WHAT IS BEING ASKED >> In the listing that follows, the range to quote begins at the line that has "Castle Stalker Scotland" and ends after the line that has "wallet - foulonné pm #couleur_rouge"; quote it verbatim and add nothing.

PROVIDED MATERIAL >>
- - -
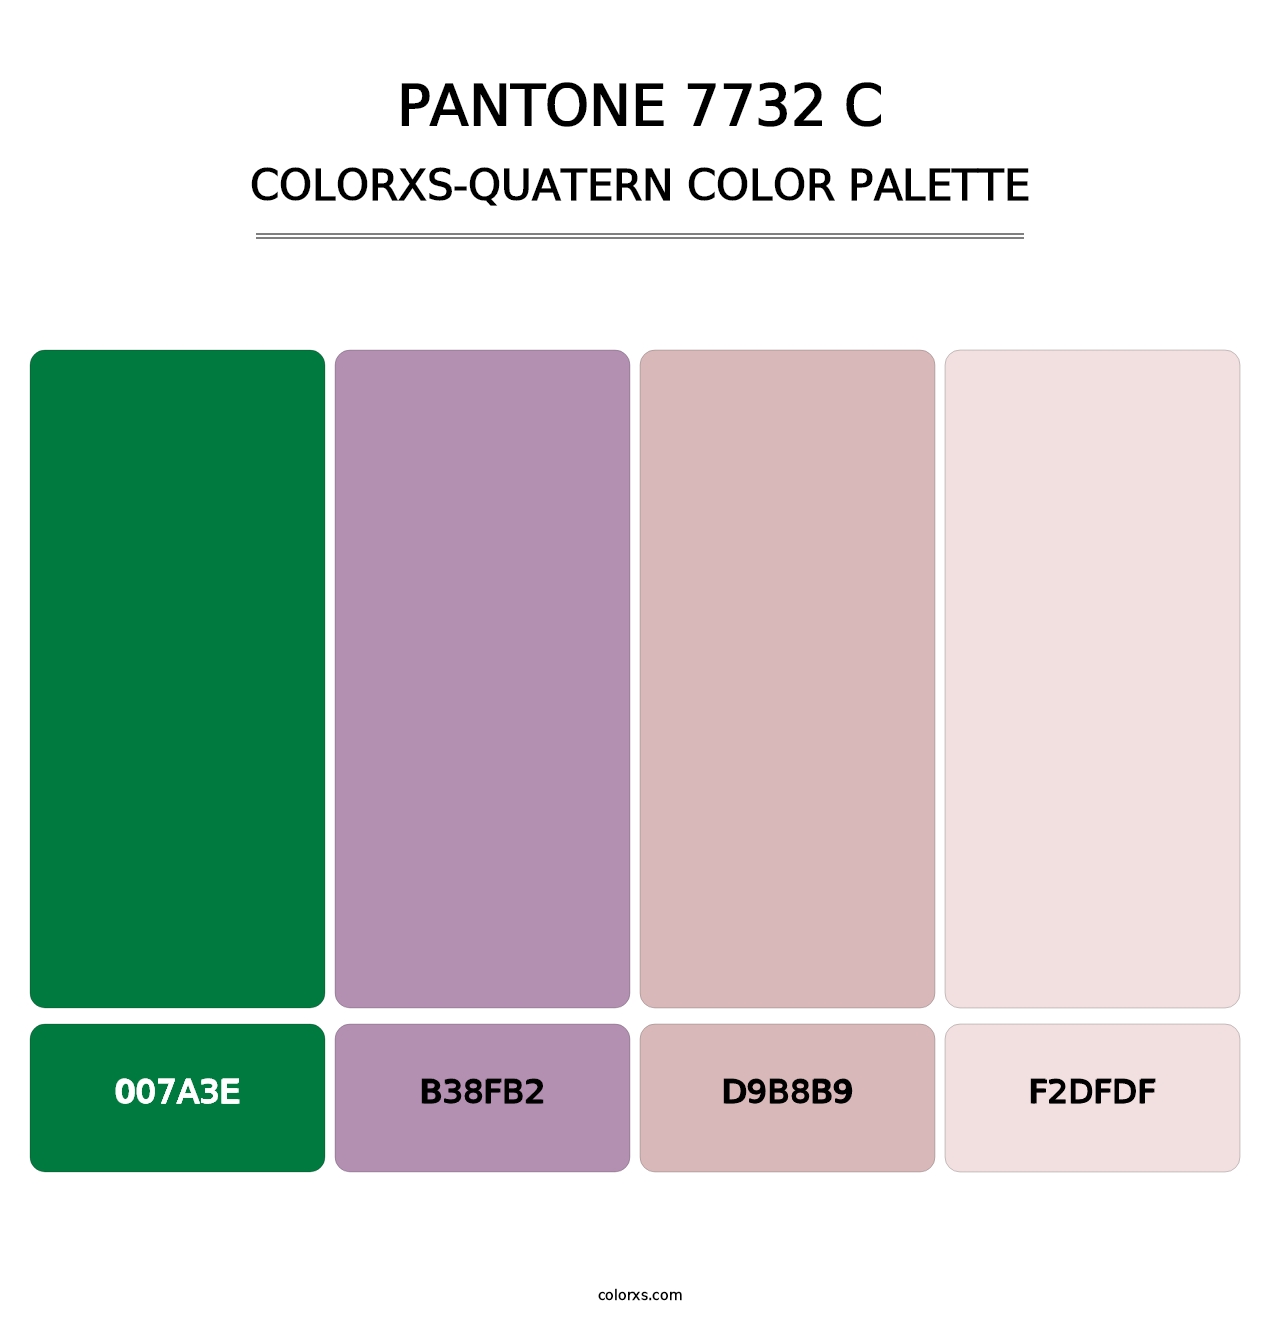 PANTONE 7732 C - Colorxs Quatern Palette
- - -
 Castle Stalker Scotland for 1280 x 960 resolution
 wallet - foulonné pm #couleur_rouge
- - -
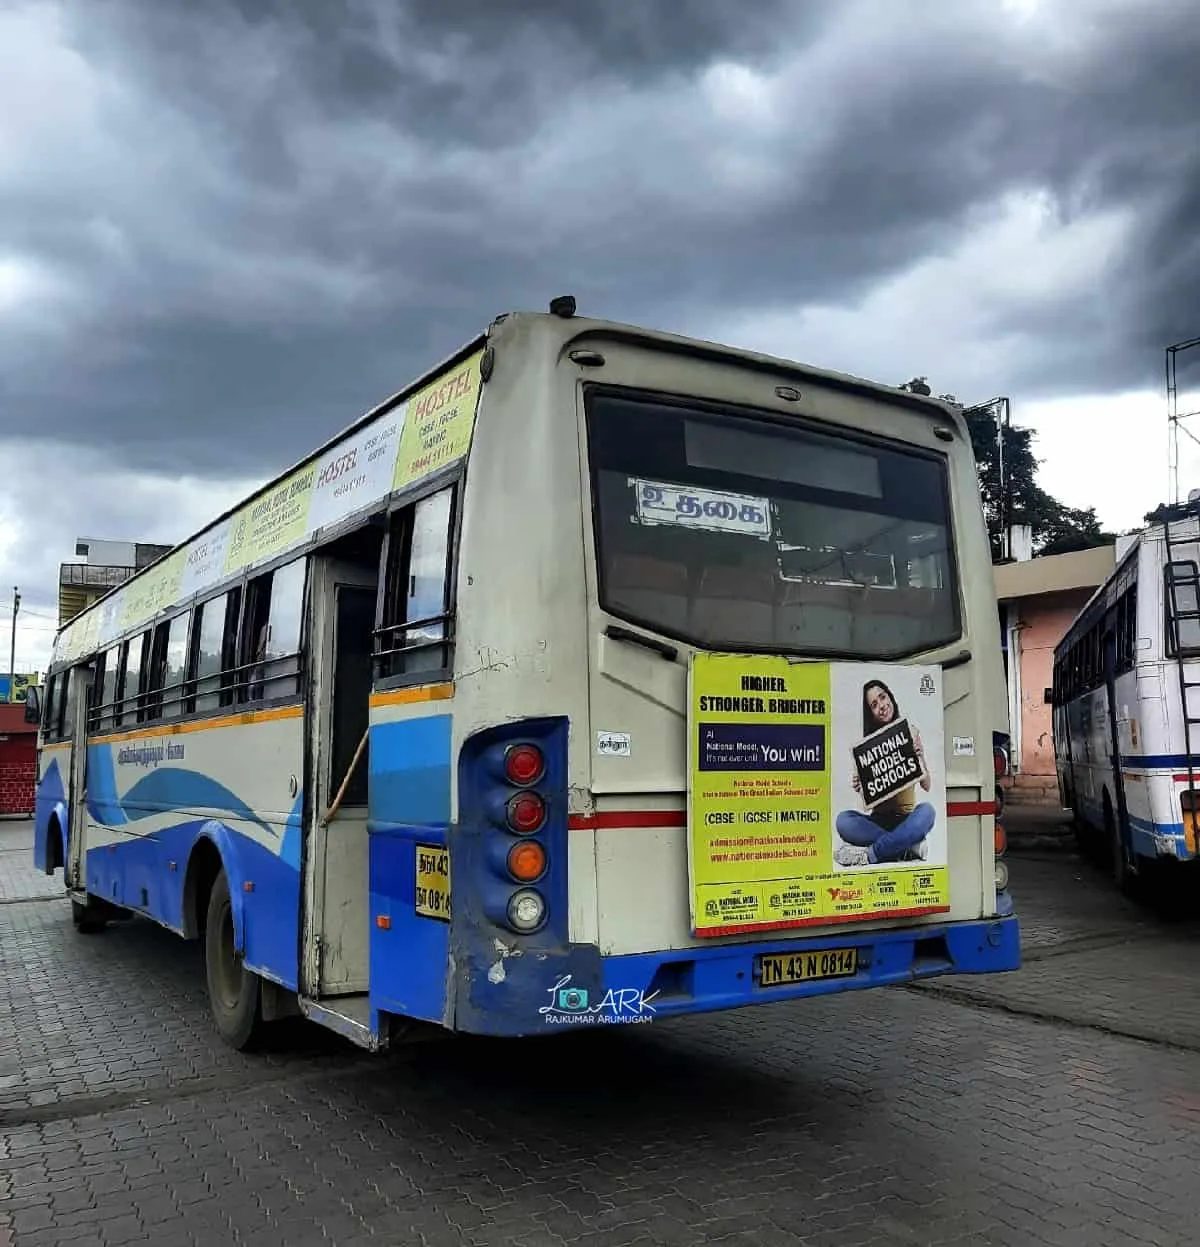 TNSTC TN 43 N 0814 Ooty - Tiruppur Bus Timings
- - -
WRITTEN SOLUTION >>
 Castle Stalker Scotland for 1280 x 960 resolution
 wallet - foulonné pm #couleur_rouge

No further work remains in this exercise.